> TASK STATEMENT
Your answer should be an exact copy of the lines from the start of the entries to the line containing "Table basse en", both included.

[DATASET EXCERPTS — start]

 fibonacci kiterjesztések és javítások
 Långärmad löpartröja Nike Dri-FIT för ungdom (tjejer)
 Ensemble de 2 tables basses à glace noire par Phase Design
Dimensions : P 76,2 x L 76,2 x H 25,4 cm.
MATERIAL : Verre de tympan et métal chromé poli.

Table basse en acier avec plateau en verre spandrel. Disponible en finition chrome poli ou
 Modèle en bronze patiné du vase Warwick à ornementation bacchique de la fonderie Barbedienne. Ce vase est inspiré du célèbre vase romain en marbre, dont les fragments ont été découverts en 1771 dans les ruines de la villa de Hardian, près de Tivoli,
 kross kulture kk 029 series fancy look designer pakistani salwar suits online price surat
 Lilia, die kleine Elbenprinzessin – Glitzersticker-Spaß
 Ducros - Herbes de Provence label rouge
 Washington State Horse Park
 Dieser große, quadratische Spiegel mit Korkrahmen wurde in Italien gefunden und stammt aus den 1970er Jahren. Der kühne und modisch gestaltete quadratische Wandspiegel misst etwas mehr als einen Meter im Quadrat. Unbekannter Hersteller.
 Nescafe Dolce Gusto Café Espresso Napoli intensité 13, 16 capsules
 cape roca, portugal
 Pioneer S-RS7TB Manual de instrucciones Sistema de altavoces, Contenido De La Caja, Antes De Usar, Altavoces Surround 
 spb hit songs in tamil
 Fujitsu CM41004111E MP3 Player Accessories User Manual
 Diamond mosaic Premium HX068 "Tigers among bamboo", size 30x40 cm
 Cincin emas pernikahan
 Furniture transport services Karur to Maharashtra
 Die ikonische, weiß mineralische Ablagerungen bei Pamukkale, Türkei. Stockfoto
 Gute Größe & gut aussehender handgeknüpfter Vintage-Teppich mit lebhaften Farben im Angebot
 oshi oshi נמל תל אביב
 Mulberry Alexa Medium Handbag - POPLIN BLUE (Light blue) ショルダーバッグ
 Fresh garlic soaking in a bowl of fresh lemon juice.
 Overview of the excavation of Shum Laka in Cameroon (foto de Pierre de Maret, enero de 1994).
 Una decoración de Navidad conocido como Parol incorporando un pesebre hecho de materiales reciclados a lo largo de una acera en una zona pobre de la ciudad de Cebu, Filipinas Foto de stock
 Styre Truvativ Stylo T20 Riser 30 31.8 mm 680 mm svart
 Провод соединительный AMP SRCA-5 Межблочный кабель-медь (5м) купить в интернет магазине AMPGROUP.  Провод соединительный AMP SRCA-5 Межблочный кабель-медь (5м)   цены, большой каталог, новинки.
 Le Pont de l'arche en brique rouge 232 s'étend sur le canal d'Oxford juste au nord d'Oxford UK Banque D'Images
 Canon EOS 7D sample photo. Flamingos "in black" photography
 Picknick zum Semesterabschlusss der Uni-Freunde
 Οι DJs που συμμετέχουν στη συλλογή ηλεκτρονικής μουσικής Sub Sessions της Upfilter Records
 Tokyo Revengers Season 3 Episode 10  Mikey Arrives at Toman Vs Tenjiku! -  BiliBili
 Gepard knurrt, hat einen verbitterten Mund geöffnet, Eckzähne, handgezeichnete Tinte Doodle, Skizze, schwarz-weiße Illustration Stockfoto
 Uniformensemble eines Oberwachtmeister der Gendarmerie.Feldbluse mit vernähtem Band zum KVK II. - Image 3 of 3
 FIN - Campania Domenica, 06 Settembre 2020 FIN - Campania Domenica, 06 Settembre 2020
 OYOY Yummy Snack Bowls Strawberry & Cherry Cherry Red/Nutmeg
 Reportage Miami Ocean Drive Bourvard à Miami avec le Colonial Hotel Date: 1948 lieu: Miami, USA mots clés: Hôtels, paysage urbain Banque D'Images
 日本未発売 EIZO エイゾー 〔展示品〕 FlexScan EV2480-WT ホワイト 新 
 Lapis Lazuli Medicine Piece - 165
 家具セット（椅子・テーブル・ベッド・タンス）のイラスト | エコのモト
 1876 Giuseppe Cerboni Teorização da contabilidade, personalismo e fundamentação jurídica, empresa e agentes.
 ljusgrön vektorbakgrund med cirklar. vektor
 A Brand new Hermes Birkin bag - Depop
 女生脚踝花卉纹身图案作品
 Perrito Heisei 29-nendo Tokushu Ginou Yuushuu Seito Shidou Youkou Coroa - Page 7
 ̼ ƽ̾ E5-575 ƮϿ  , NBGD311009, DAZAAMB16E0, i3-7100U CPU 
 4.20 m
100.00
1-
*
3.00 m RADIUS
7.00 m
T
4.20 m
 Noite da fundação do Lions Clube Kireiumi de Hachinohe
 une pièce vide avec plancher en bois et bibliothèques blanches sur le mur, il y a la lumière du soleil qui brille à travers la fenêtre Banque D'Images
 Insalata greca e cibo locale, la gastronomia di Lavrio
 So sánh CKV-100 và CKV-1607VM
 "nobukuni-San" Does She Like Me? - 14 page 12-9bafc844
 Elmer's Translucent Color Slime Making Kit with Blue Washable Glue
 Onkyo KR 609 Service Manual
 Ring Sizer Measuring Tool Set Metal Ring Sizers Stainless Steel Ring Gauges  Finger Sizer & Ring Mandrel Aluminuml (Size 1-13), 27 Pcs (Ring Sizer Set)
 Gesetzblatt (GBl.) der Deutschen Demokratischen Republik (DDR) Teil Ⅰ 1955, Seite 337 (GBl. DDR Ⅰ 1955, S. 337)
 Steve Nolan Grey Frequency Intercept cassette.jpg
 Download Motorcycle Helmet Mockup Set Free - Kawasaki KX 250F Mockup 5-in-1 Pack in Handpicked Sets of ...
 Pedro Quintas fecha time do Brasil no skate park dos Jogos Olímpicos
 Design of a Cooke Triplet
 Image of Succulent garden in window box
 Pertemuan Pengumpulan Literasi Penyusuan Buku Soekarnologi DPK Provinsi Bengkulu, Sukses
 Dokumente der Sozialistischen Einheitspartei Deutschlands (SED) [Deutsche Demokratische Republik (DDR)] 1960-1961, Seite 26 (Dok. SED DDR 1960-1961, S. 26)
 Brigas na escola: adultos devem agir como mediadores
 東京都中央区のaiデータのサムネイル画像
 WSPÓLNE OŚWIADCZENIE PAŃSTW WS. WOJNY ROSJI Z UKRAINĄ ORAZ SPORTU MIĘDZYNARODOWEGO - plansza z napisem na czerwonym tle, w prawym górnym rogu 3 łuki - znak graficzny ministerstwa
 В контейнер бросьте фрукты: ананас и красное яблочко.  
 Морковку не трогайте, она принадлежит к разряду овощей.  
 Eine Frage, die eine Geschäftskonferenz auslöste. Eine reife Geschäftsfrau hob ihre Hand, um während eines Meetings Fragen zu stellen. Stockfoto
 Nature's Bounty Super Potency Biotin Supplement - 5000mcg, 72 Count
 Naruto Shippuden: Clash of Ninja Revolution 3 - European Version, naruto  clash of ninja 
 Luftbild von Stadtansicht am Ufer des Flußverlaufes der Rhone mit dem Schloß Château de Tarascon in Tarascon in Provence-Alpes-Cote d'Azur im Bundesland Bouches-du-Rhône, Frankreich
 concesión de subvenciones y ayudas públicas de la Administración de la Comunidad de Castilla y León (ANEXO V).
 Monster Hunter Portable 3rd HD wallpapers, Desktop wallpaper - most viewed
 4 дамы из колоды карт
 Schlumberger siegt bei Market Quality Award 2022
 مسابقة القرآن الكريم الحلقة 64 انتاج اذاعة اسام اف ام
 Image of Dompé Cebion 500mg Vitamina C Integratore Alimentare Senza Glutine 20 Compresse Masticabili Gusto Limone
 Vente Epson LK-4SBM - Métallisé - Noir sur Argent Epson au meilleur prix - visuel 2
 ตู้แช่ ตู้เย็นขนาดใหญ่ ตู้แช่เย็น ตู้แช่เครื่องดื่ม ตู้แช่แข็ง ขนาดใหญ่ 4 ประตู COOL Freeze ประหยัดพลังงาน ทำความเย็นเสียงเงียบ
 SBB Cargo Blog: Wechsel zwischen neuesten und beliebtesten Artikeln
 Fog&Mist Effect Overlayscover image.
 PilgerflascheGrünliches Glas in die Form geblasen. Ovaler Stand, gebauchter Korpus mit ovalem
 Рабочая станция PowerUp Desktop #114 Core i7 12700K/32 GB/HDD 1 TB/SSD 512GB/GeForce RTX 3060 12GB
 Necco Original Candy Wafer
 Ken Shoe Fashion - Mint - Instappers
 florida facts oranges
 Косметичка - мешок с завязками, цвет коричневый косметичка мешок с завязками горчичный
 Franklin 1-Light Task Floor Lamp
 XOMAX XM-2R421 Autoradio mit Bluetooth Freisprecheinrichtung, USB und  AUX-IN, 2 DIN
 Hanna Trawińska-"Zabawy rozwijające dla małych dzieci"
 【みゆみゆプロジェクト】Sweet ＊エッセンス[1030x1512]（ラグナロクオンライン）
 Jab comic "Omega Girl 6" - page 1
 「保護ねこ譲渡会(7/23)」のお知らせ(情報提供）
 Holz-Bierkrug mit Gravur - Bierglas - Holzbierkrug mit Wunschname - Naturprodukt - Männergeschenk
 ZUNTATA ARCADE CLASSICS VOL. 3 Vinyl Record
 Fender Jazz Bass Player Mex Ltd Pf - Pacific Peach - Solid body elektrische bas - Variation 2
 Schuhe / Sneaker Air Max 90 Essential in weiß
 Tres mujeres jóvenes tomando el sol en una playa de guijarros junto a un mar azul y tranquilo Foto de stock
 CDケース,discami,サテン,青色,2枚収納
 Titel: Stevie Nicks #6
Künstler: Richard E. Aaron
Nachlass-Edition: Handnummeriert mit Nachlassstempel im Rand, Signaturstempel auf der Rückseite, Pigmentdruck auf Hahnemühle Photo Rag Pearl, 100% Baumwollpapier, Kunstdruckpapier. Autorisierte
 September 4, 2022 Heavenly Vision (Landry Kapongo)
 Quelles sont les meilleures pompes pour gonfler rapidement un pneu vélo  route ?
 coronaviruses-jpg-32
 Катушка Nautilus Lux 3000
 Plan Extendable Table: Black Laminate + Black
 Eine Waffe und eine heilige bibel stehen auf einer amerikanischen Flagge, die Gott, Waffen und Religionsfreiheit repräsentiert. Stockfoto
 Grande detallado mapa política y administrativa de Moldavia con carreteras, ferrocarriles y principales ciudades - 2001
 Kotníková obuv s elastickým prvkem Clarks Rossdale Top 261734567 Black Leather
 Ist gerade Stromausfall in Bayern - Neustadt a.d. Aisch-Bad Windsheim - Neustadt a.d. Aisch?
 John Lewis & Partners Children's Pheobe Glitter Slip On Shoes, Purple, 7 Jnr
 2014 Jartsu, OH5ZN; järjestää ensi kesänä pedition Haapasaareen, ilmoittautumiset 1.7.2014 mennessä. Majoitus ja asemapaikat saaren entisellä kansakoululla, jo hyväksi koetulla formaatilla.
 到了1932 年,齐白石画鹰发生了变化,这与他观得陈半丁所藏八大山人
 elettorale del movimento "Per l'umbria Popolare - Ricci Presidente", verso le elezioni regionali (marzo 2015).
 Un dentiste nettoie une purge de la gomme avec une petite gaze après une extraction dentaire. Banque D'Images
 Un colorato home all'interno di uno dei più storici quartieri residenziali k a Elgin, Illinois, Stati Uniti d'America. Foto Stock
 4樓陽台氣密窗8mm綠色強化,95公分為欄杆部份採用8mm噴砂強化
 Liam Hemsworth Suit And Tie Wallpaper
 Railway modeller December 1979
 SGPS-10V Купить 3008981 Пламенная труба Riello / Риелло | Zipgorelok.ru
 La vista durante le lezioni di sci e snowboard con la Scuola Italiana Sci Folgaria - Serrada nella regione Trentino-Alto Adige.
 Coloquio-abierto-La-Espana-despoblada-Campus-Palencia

[DATASET EXCERPTS — finish]

> COMPLETED TASK
 fibonacci kiterjesztések és javítások
 Långärmad löpartröja Nike Dri-FIT för ungdom (tjejer)
 Ensemble de 2 tables basses à glace noire par Phase Design
Dimensions : P 76,2 x L 76,2 x H 25,4 cm.
MATERIAL : Verre de tympan et métal chromé poli.

Table basse en acier avec plateau en verre spandrel. Disponible en finition chrome poli ou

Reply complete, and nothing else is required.